The Swahili house is the prevailing type of houses discovered in Tanzania, particularly in Dar es Salaam. Building skills have passed through generations due to practical fellowship. Permutation from a rustic to an urban society now forces changes in practice and constructing design. For poor people, the process of building a house is difficult, durable, and expensive. Nevertheless, a Swahili house has been an important place for rituals and an enclosure against pollution.
The fact that the selection of examples of memorial practice is by no means comprehensive and it may tempt one to believe in a universal human need for memory, for example, commemoration of significant events by modern nations, may be seen as a secular functional equivalent of practices with a religious character.

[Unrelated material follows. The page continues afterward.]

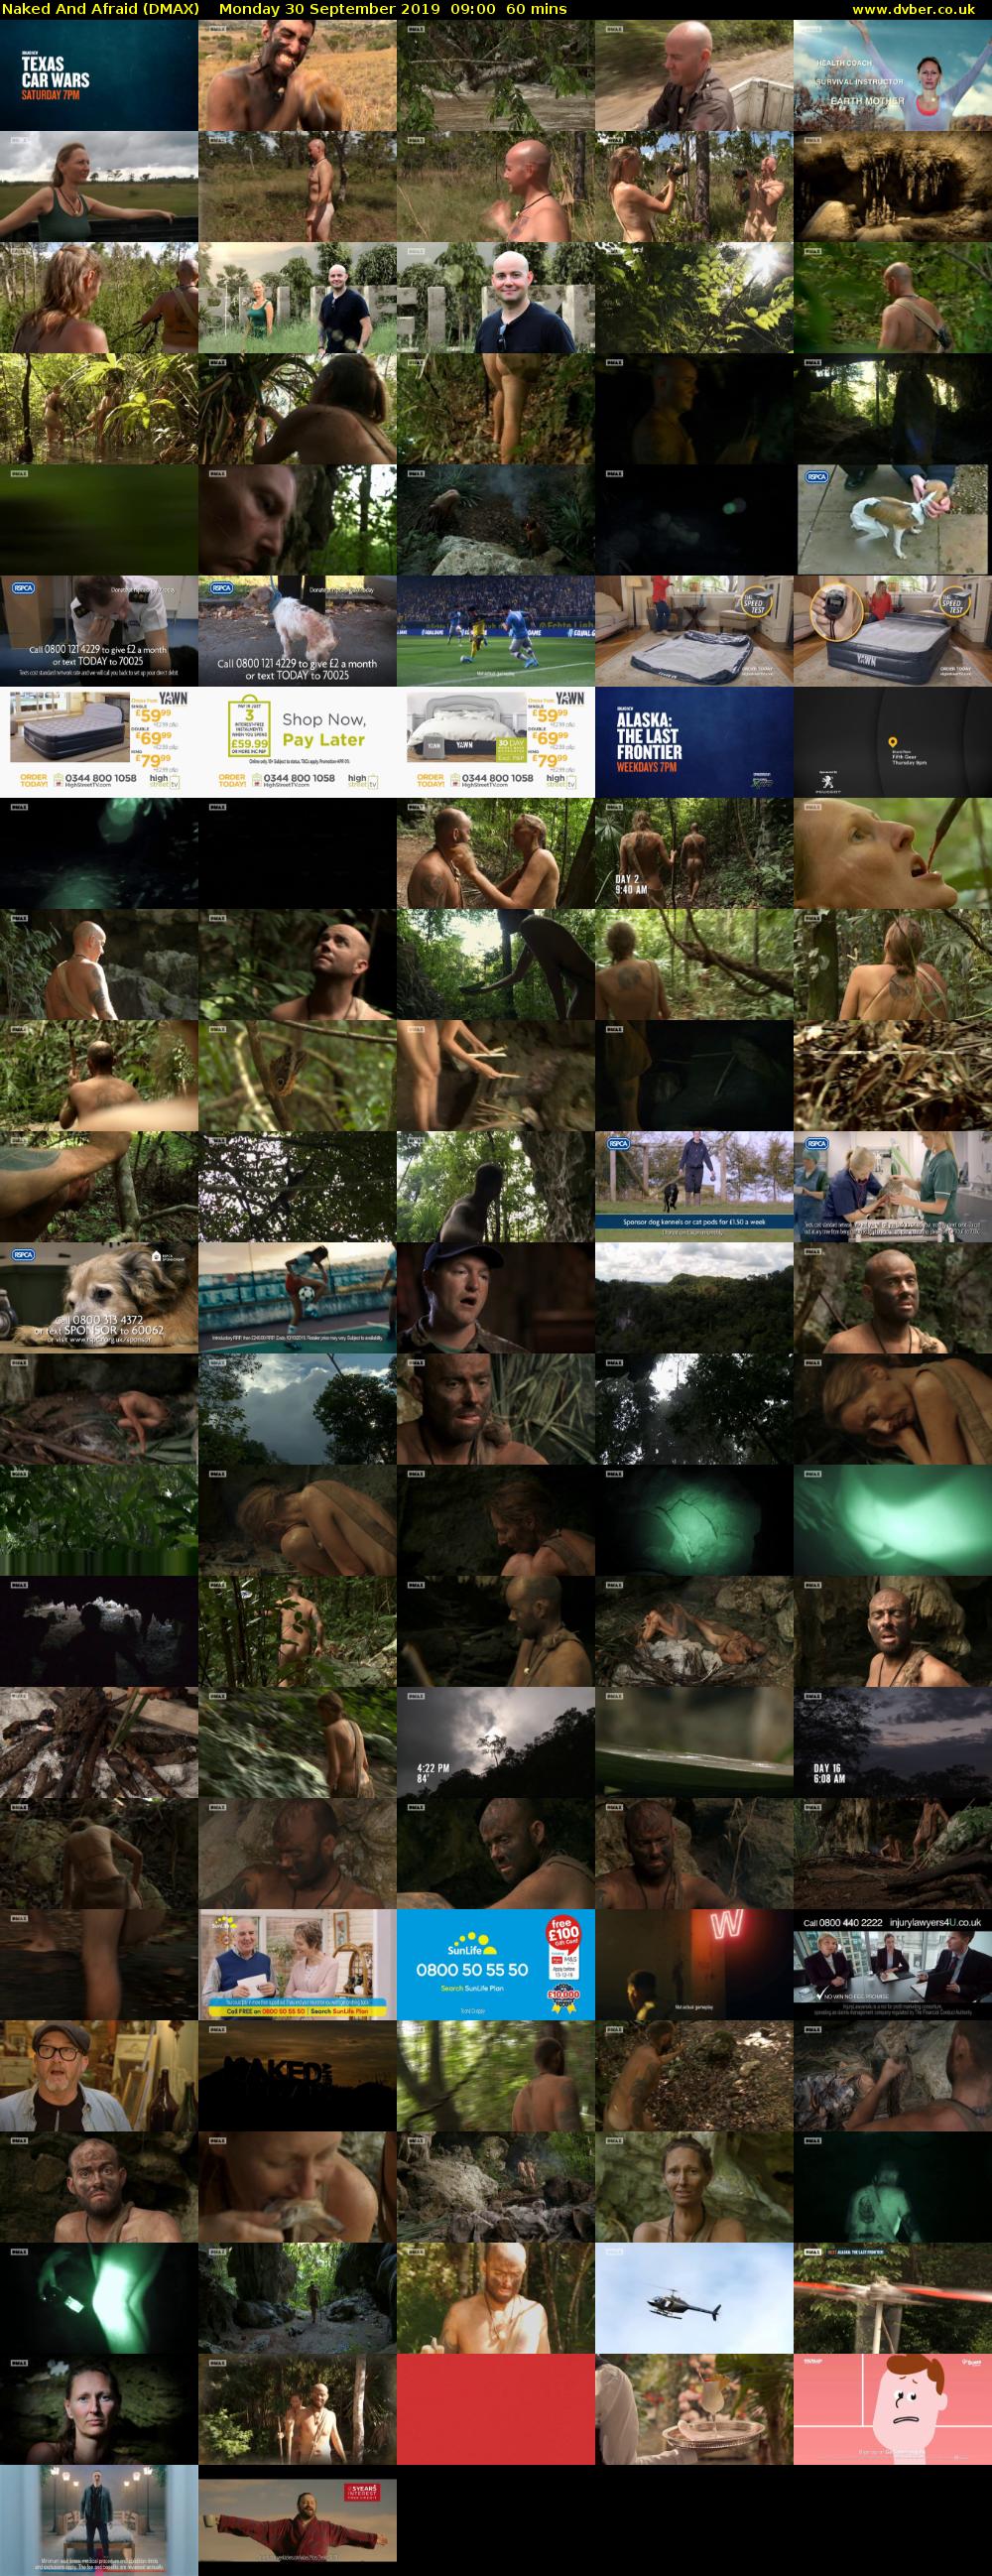 Naked And Afraid (DMAX) Monday 30 September 2019 09:00 - 10:00

A modern example of the memorial practice is the example of Jorge Otero-Pailos. He participated in the Venice Biennale, a showy and authoritative art fair. He was not promoting a painting, a video setting, a monument, or a light exhibition. Jorge decided to clean the gothic monument’s wall with a high-tech latex solute. After this, he waited for the solute to dry and slough it off. Then, he showed the outcome as an art work with an unpremeditated aesthetic value (Raskin, 2011).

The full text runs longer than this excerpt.